■ **Extracted data**
◆ ◆ ◆

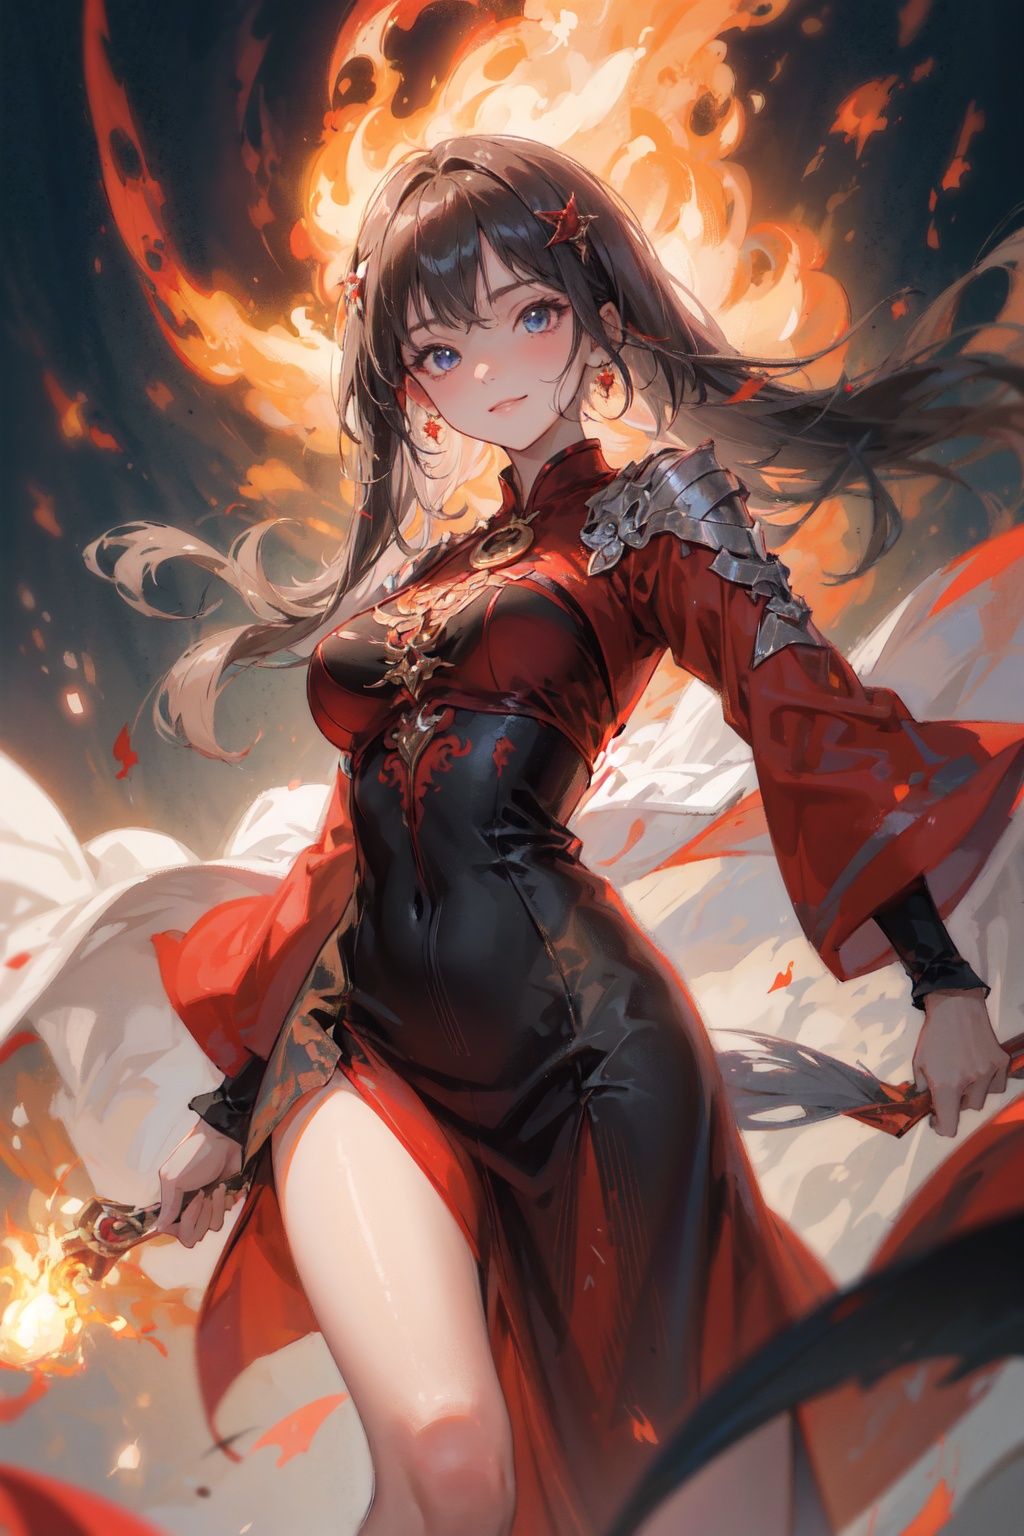 best quality，(masterpiece:1.3)，fullbody shot,ultra-detailed,solo,1girl, battle_aura, helical_visible_aura full of background,Magical Fire on hands,cool and powerful pose,red robe, hairclip, burning aura,floating hair,floating fire,heat wave, squating,fire devil,carbonized grounddelicate_features:1.5，Pretty_Face:1.5,smiling,cool,
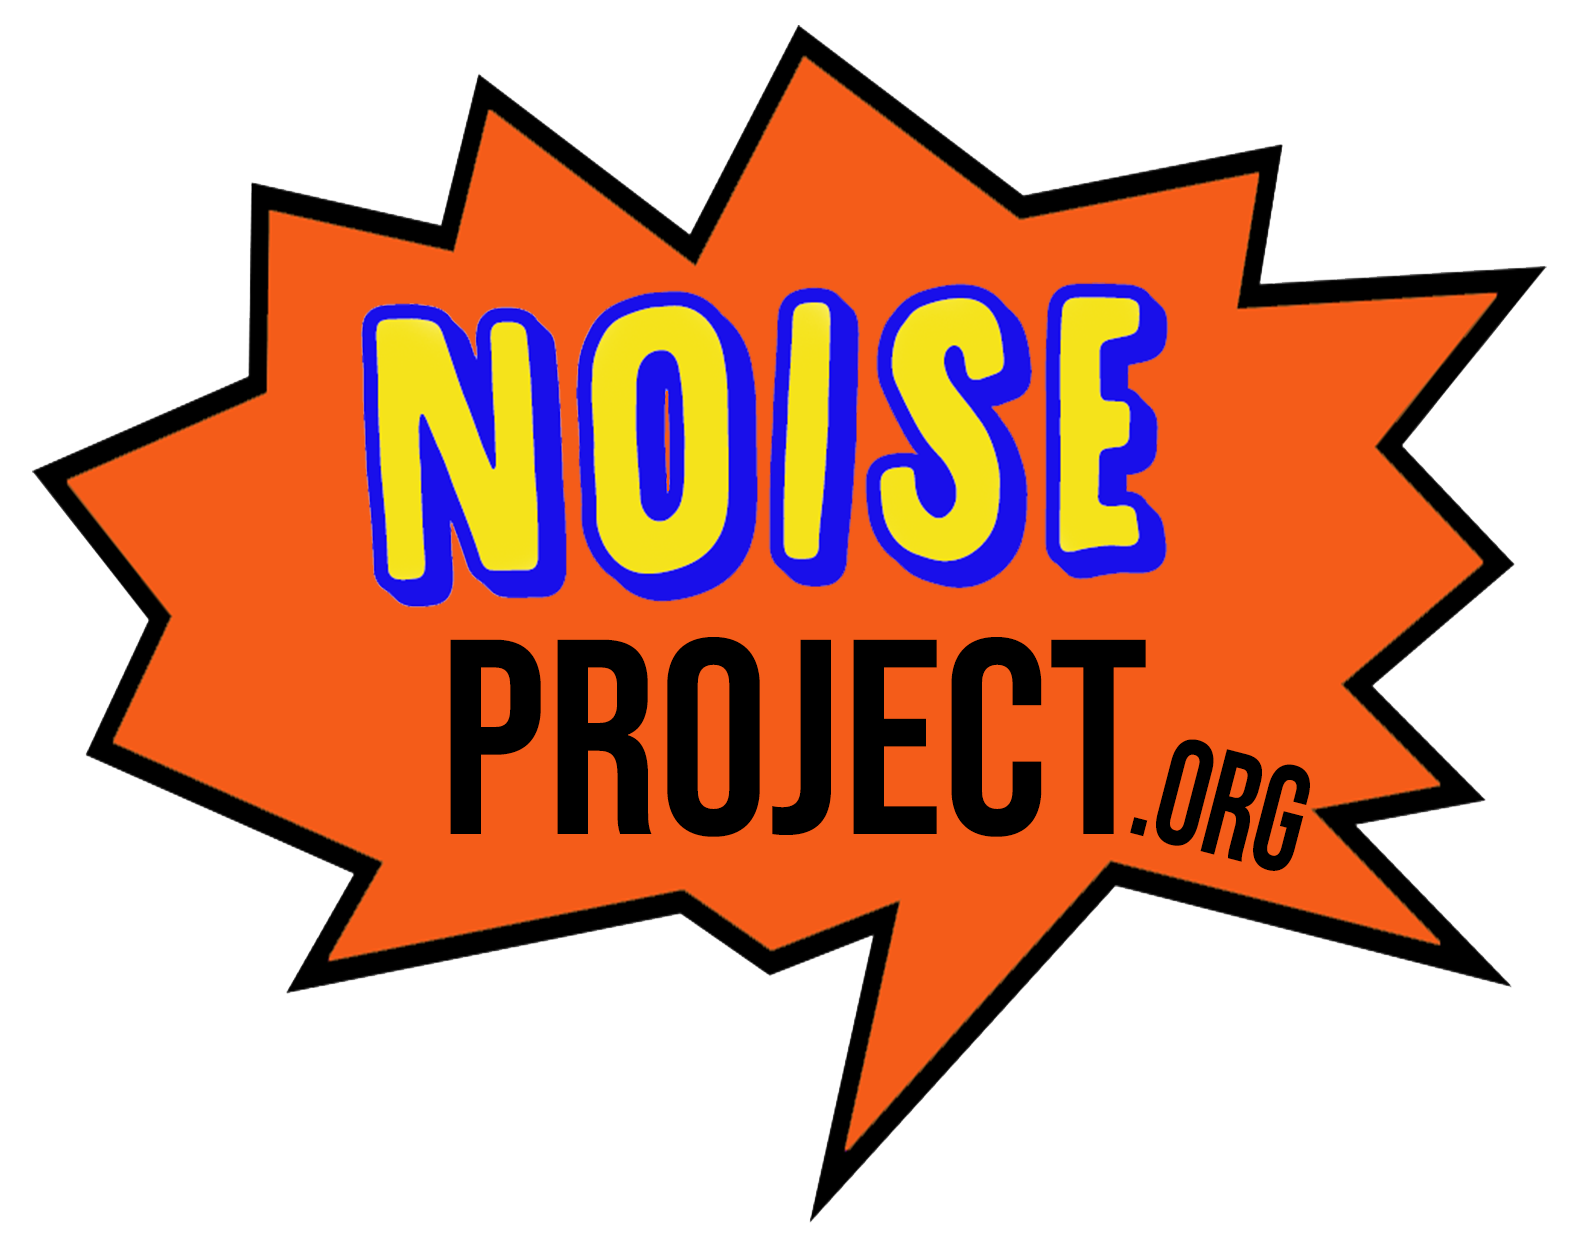 Noise Project dot Org
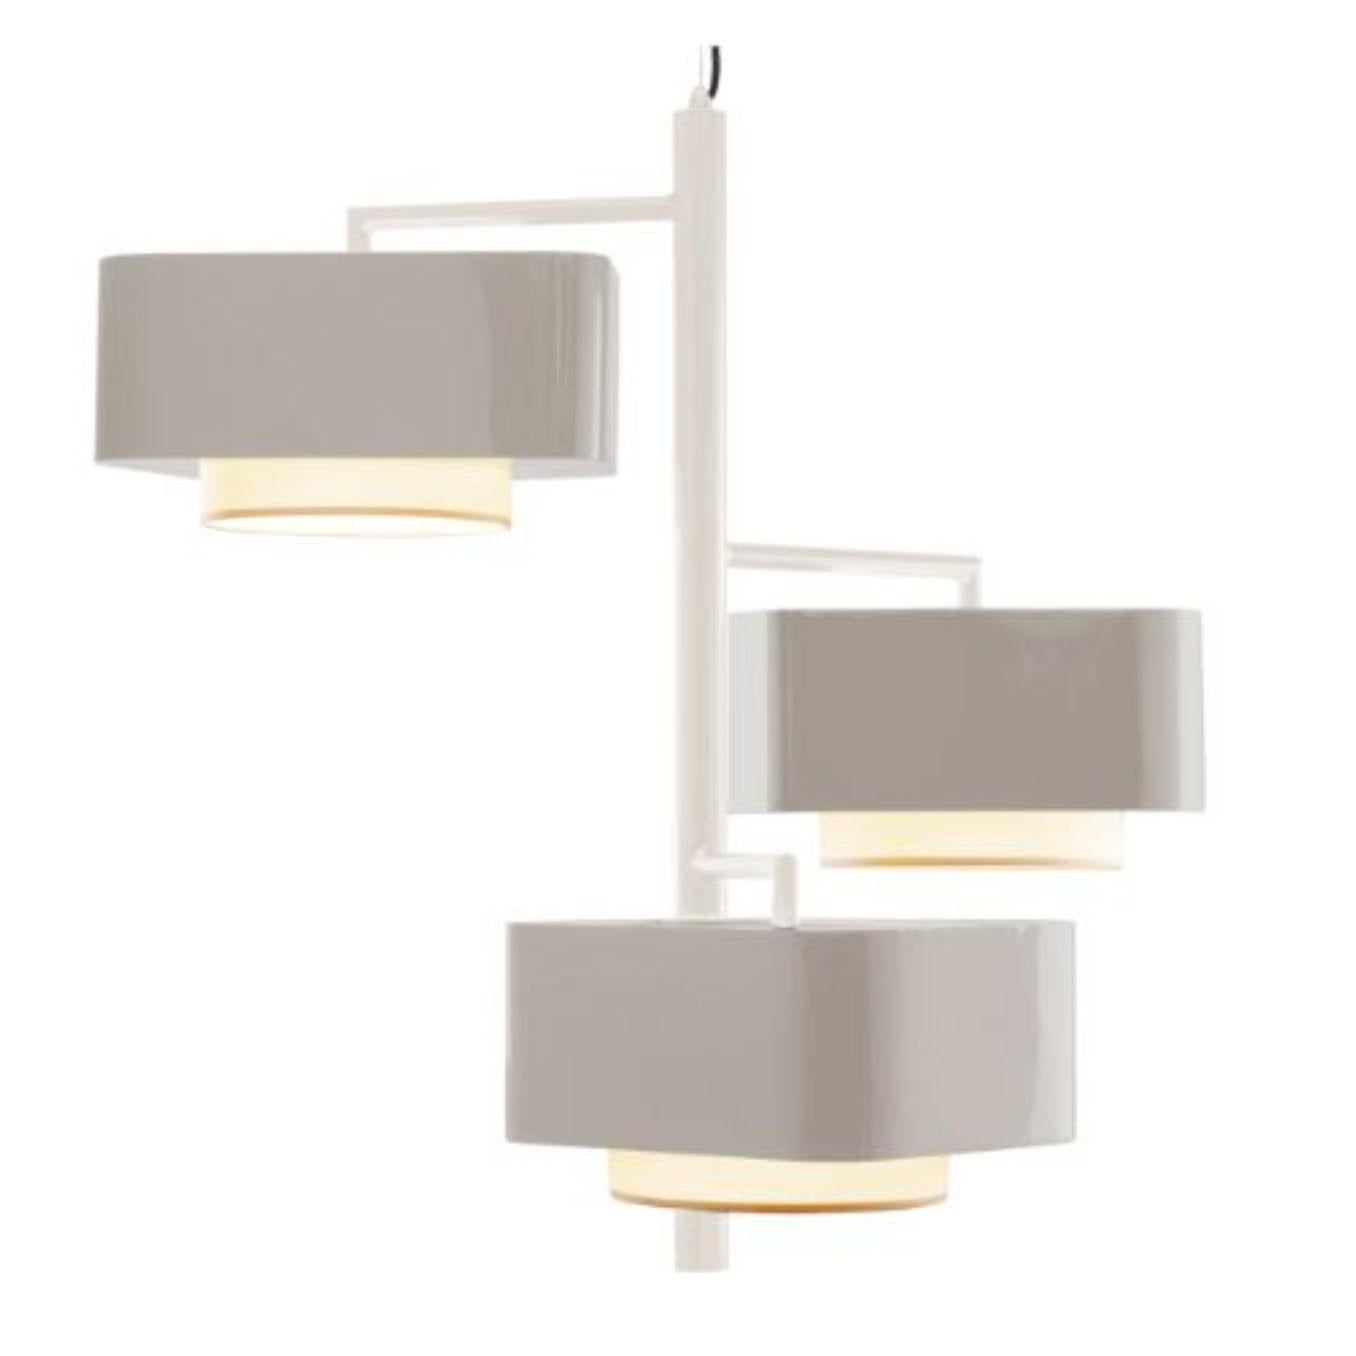 Ivory and Taupe Carousel I Suspension lamp by Dooq
Dimensions: W 97 x D 97 x H 86 cm
Materials: lacquered metal.
abat-jour: cotton
Also available in different colors.

Information:
230V/50Hz
E27/3x20W LED
120V/60Hz
E26/3x15W LED
bulbs not
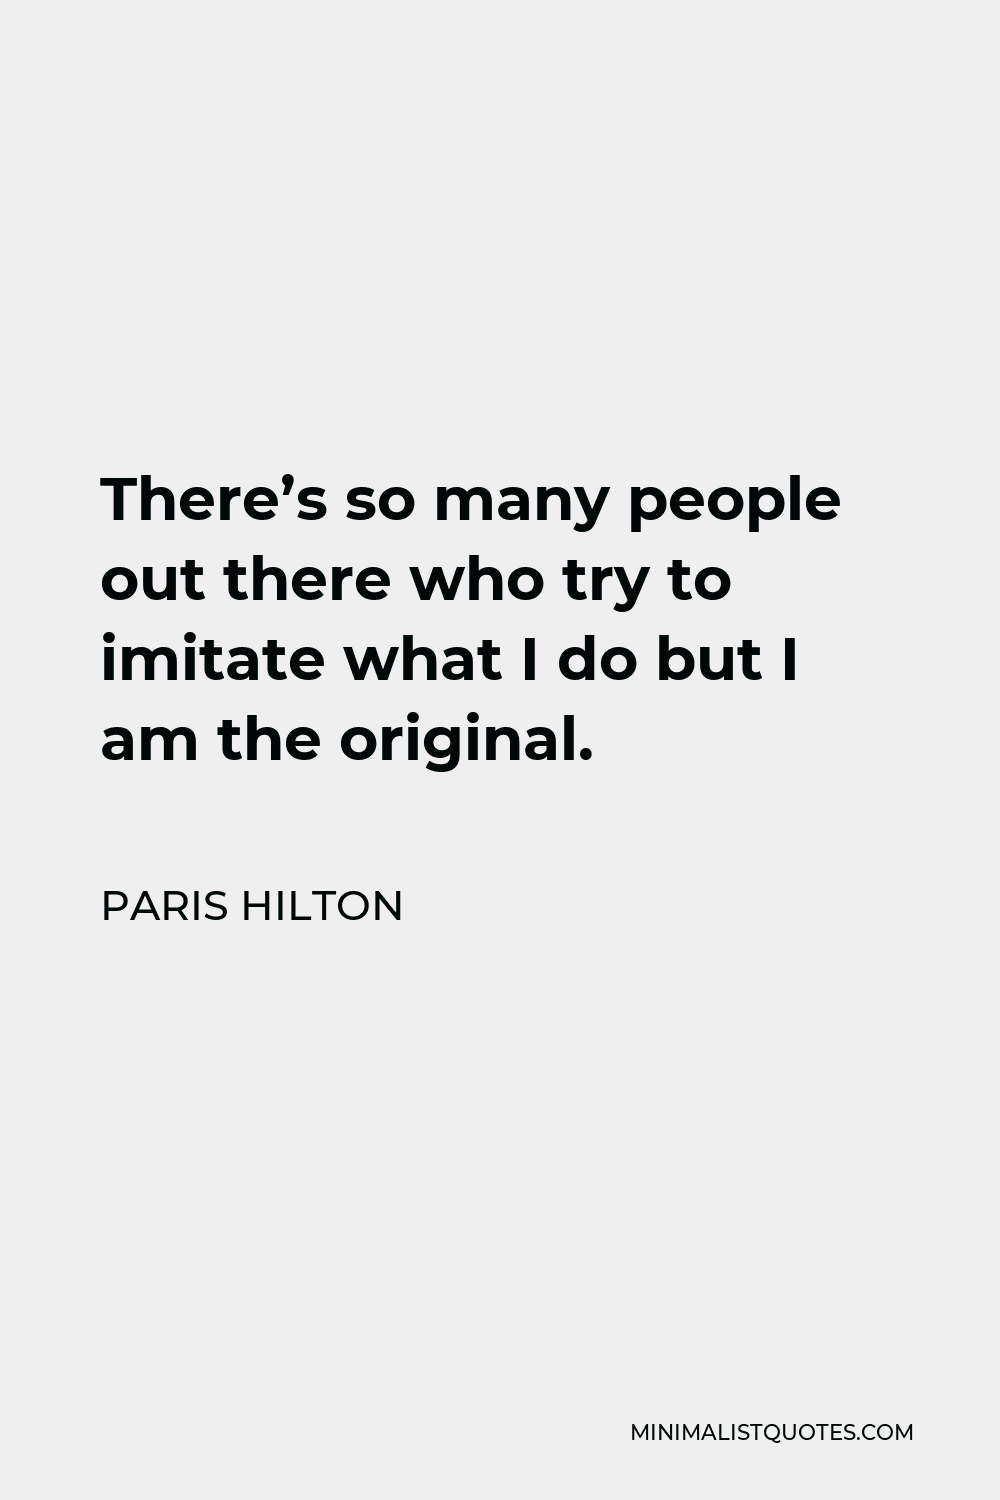 Paris Hilton Quote - There’s so many people out there who try to imitate what I do but I am the original.

◆ ◆ ◆

■ **Task description**
Nothing but the records, copied exactly and stripped of pictures, should be returned.

■ **Response to the task**
 best quality，(masterpiece:1.3)，fullbody shot,ultra-detailed,solo,1girl, battle_aura, helical_visible_aura full of background,Magical Fire on hands,cool and powerful pose,red robe, hairclip, burning aura,floating hair,floating fire,heat wave, squating,fire devil,carbonized grounddelicate_features:1.5，Pretty_Face:1.5,smiling,cool,
 Noise Project dot Org
 Ivory and Taupe Carousel I Suspension lamp by Dooq
Dimensions: W 97 x D 97 x H 86 cm
Materials: lacquered metal.
abat-jour: cotton
Also available in different colors.

Information:
230V/50Hz
E27/3x20W LED
120V/60Hz
E26/3x15W LED
bulbs not
 Paris Hilton Quote - There’s so many people out there who try to imitate what I do but I am the original.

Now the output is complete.